§ **RECORDS FOR THIS TASK**
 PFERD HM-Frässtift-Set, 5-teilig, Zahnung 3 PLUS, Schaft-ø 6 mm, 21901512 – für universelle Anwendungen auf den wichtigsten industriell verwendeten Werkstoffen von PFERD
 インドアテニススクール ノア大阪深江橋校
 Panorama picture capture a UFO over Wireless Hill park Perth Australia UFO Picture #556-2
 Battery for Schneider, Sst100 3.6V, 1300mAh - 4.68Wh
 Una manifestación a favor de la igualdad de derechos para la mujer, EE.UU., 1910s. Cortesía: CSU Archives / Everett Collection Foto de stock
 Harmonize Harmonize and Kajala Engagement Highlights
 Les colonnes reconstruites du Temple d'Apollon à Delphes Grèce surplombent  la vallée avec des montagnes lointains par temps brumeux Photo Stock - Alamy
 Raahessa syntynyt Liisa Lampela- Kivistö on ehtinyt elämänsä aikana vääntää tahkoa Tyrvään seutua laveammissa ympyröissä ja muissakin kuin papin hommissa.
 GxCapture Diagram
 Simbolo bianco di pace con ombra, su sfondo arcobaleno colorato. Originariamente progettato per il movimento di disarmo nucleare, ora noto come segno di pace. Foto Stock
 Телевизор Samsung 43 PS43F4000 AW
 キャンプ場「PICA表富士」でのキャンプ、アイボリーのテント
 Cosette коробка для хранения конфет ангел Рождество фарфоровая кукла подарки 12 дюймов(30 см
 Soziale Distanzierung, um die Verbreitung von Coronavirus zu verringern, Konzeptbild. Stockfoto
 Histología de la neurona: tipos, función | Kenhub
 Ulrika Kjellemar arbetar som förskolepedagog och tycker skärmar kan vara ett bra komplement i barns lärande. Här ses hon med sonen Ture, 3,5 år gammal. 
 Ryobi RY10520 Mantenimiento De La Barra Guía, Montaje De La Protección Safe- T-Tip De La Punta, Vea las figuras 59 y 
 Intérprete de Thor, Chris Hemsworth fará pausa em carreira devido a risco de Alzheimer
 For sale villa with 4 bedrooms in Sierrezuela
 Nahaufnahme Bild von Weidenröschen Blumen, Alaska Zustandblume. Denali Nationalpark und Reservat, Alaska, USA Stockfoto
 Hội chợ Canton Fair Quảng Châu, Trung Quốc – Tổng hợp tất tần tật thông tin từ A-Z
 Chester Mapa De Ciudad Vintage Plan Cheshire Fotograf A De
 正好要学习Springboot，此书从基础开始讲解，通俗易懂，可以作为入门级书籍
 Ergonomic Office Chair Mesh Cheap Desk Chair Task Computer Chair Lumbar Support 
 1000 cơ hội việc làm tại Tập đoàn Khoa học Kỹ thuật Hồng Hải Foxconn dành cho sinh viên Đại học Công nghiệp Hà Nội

§ **INSTRUCTIONS TO FOLLOW**
With the line holding "Battery for Schneider, Sst100" as the first and the line holding "Ryobi RY10520 Mantenimiento" as the last, please transcribe exactly the lines of the material above in that range and nothing else.

§ **RESPONSE**
 Battery for Schneider, Sst100 3.6V, 1300mAh - 4.68Wh
 Una manifestación a favor de la igualdad de derechos para la mujer, EE.UU., 1910s. Cortesía: CSU Archives / Everett Collection Foto de stock
 Harmonize Harmonize and Kajala Engagement Highlights
 Les colonnes reconstruites du Temple d'Apollon à Delphes Grèce surplombent  la vallée avec des montagnes lointains par temps brumeux Photo Stock - Alamy
 Raahessa syntynyt Liisa Lampela- Kivistö on ehtinyt elämänsä aikana vääntää tahkoa Tyrvään seutua laveammissa ympyröissä ja muissakin kuin papin hommissa.
 GxCapture Diagram
 Simbolo bianco di pace con ombra, su sfondo arcobaleno colorato. Originariamente progettato per il movimento di disarmo nucleare, ora noto come segno di pace. Foto Stock
 Телевизор Samsung 43 PS43F4000 AW
 キャンプ場「PICA表富士」でのキャンプ、アイボリーのテント
 Cosette коробка для хранения конфет ангел Рождество фарфоровая кукла подарки 12 дюймов(30 см
 Soziale Distanzierung, um die Verbreitung von Coronavirus zu verringern, Konzeptbild. Stockfoto
 Histología de la neurona: tipos, función | Kenhub
 Ulrika Kjellemar arbetar som förskolepedagog och tycker skärmar kan vara ett bra komplement i barns lärande. Här ses hon med sonen Ture, 3,5 år gammal. 
 Ryobi RY10520 Mantenimiento De La Barra Guía, Montaje De La Protección Safe- T-Tip De La Punta, Vea las figuras 59 y 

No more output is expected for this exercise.